Synthetic barrier products may reduce adhesion risk by replicating the naturally occurring membranes that cover your vital organs. When the delicate surfaces of your organs make contact with each other during surgery – especially abdominal and pelvic surgeries — the tissues may adhere to each other.

Surgical bradley witham trauma often leads to the formation of scar tissue, which can eventually cause the intestines to twist, pull, kink or become blocked. A partial intestinal blockage may be resolved under close medical supervision. A complete blockage is a medical emergency, often requiring immediate surgery. Adhesions after abdominal or pelvic surgery may also cause infertility in women. Severe abdominal pain, nausea, loud bowel sounds and bloating are common symptoms of adhesions.

  • How Surgical Barriers Work

In combination with safe operative technique, surgical barriers may reduce the risk of scar formation and adhesion pain. During abdominal or pelvic surgery, synthetic barrier sheets made of regenerated cellulose, polytetrafluoroethylene or Fibrin may be applied to abdominal or pelvic tissues to keep organ surfaces separate. While some commonly used products, such as Gore-Tex, must be sutured into place and removed during a separate procedure, Interceed and Seprafilm, both Johnson & Johnson products, are absorbed into the body after surgery. Note* Insurance companies often do not compensate for the use of barrier products, transferring the financial responsibility onto the patient.
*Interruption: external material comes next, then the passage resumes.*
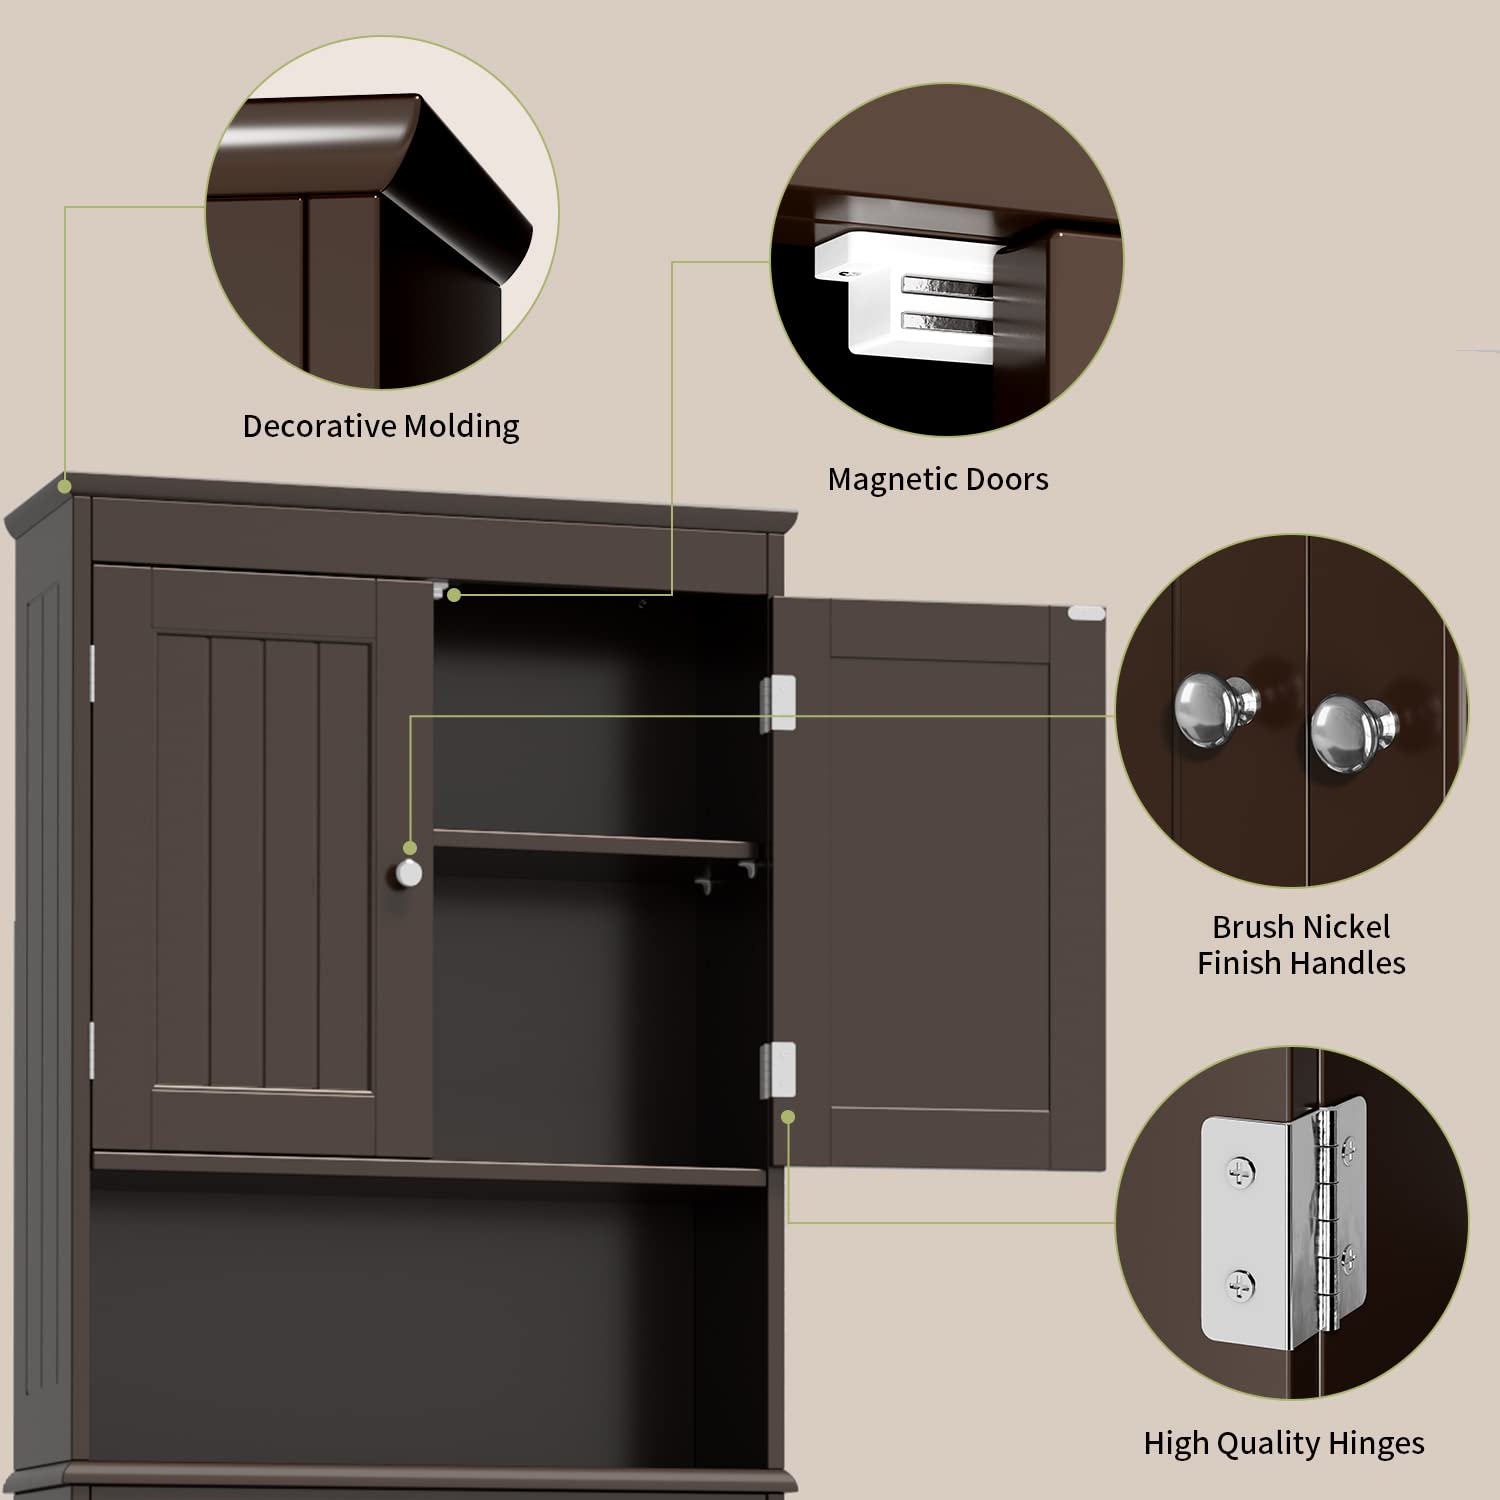 Gizoon AP12 Over The Toilet Storage Cabinet with Adjustable Shelf and Double Doors Wooden Rack

A 2008 review published in the Cochrane Database of Systematic Reviews compared the results of 16 clinical trials to evaluate the effectiveness of four barrier products at preventing adhesions in women undergoing pelvic surgery. The reviewers evaluated the results of using Gore-Tex, Interceed, Seprafilm and Fibrin. In the majority of the trials, Gore-Tex was more effective than Interceed or no barrier at preventing adhesions after surgery. Further clinical studies have shown that Interceed and Seprafilm may reduce the risk of pelvic and abdominal adhesions if they are used correctly.
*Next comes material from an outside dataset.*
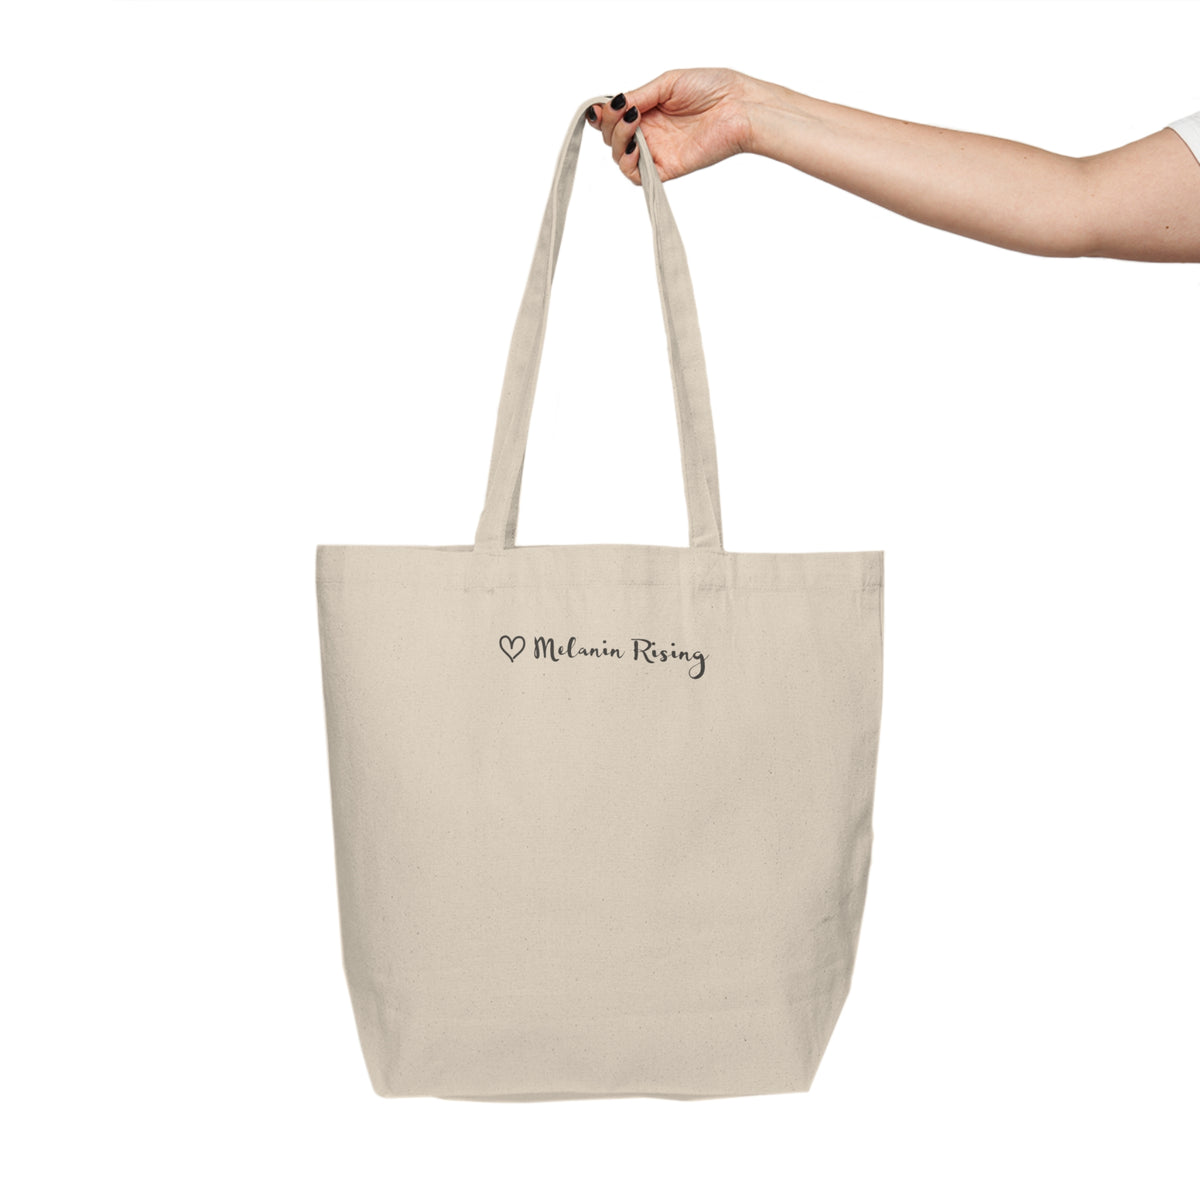 The Revolution Will Not Be Colonized - Canvas Shopping Tote

The SprayShield Adhesion Barrier System, currently available only in Europe, protects internal tissues through the application of a hydrogel spray. The hydrogel barrier, which turns blue upon application so that surgeons can visualize the covered areas, keeps organ surfaces separate both during and after surgery, while the tissues heal. After the necessary healing time, the material is absorbed by the body and excreted by the kidneys in the urine. Although the SprayShield barrier system has performed well in pre-clinical studies in the United States and has been available to patients in Europe since 2008, the product has not yet been approved by the Food and Drug Administration for use in the U.S.